Par un jugement n° 2502156 du 18 décembre 2025, le tribunal administratif de Lille a rejeté ses demandes.
Procédure devant la cour :
Par une requête, enregistrée le 26 février 2026, Mme B… représentée par Me Gommeaux, demande à la cour :
1°) d’annuler ce jugement ;
2°) d’annuler ces décisions ;
3°) d’enjoindre au préfet de lui délivrer une carte de séjour temporaire portant la mention « vie privée et familiale », ou, subsidiairement, de réexaminer sa demande, dans un délai d’un mois à compter de la notification de la décision à intervenir et sous astreinte de 200 euros par jour de retard, et de lui délivrer dans les deux cas un récépissé de demande de titre de séjour l’autorisant à travailler dans un délai de sept jours à compter de cette même date sous astreinte de 200 euros par jour de retard ;
4°) de mettre la somme de 1 800 euros toutes taxes comprises à la charge de l’Etat au bénéfice de son conseil en application des dispositions de l’article 37 alinéa 2 de la loi du 10 juillet 1991 et de l’article L. 761-1 du code de justice administrative.
Elle soutient que :
En ce qui concerne la décision de refus de titre de séjour :
- elle est insuffisamment motivée ;
- elle est entachée d’un défaut d’examen particulier de sa situation personnelle ;
- elle méconnaît les stipulations de l’article 8 de la convention européenne de sauvegarde des droits de l’homme et des libertés fondamentales, l’article L. 423-23 du code de l’entrée et du séjour des étrangers et du droit d’asile et est entachée d’une erreur manifeste d’appréciation dans l’appréciation de sa situation personnelle ;
- la commission du titre de séjour aurait dû être saisie ;
En ce qui concerne la décision portant obligation de quitter le territoire français :
- elle est illégale en raison de l’illégalité de la décision de refus de titre de séjour,
- elle est insuffisamment motivée ;
- elle est entachée d’un défaut d’examen particulier de sa situation personnelle ;
- elle méconnaît les stipulations de l’article 8 de la convention européenne de sauvegarde des droits de l’homme et des libertés fondamentales et est entachée d’une erreur manifeste d’appréciation dans l’appréciation de sa situation personnelle.

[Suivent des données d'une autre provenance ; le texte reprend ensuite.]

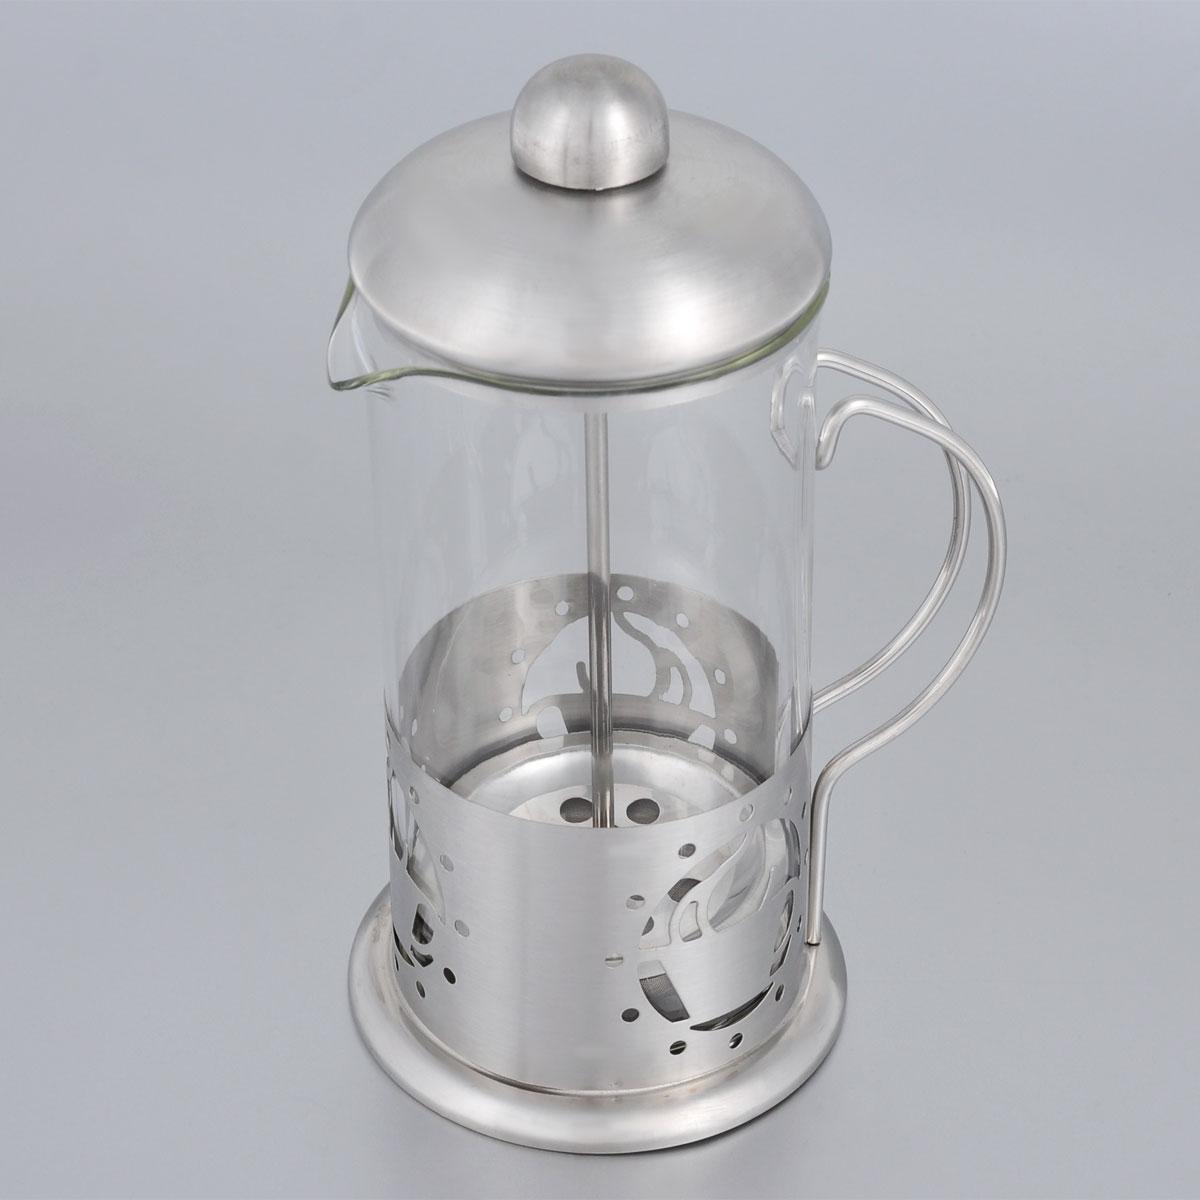 Френч-пресс Bohmann, 350 мл. 9535BH9535BHФренч-пресс Bohmann используется для заваривания крупнолистового чая, кофе среднего помола, травяных сборов. Изготовлен из высококачественной нержавеющей стали и термостойкого стекла, выдерживающего высокую температуру, что придает ему надежность и долговечность. Френч-пресс Bohmann незаменим для любителей чая и кофе.Можно мыть в посудомоечной машине.Объем: 350 мл.Высота (с учетом крышки): 18 см.Диаметр (по верхнему краю): 7,5 см.

Mme B… a été admise au bénéfice de l’aide juridictionnelle totale par une décision du 29 janvier 2026.
Vu les autres pièces du dossier.
Vu :
- la convention européenne de sauvegarde des droits de l’homme et des libertés fondamentales ;
- la Charte des droits fondamentaux de l’Union européenne ;
- le code des relations entre le public et l’administration ;
- le code de l’entrée et du séjour des étrangers et du droit d’asile ;
- la loi n°91-647 du 10 juillet 1991 ;
- le code de justice administrative.
Considérant ce qui suit :
1. Aux termes de l’article R. 222-1 du code de justice administrative : « (…) les présidents de formation de jugement (…) des cours peuvent, par ordonnance : (…) / 5° Statuer sur les requêtes qui ne présentent plus à juger de questions autres que la condamnation prévue à l’article L. 761-1 (…) ». Aux termes du dernier alinéa du même article : « (…) les présidents des formations de jugement des cours (…) peuvent (…), par ordonnance, rejeter (…) (…), les requêtes dirigées contre des ordonnances prises en application des 1° à 5° du présent article ainsi que, après l’expiration du délai de recours ou, lorsqu’un mémoire complémentaire a été annoncé, après la production de ce mémoire les requêtes d’appel manifestement dépourvues de fondement. Ils peuvent, de même, annuler une ordonnance prise en application des 1° à 5°et 7° du présent article à condition de régler l’affaire au fond par application de l’une des dispositions des 1° à 7°. ».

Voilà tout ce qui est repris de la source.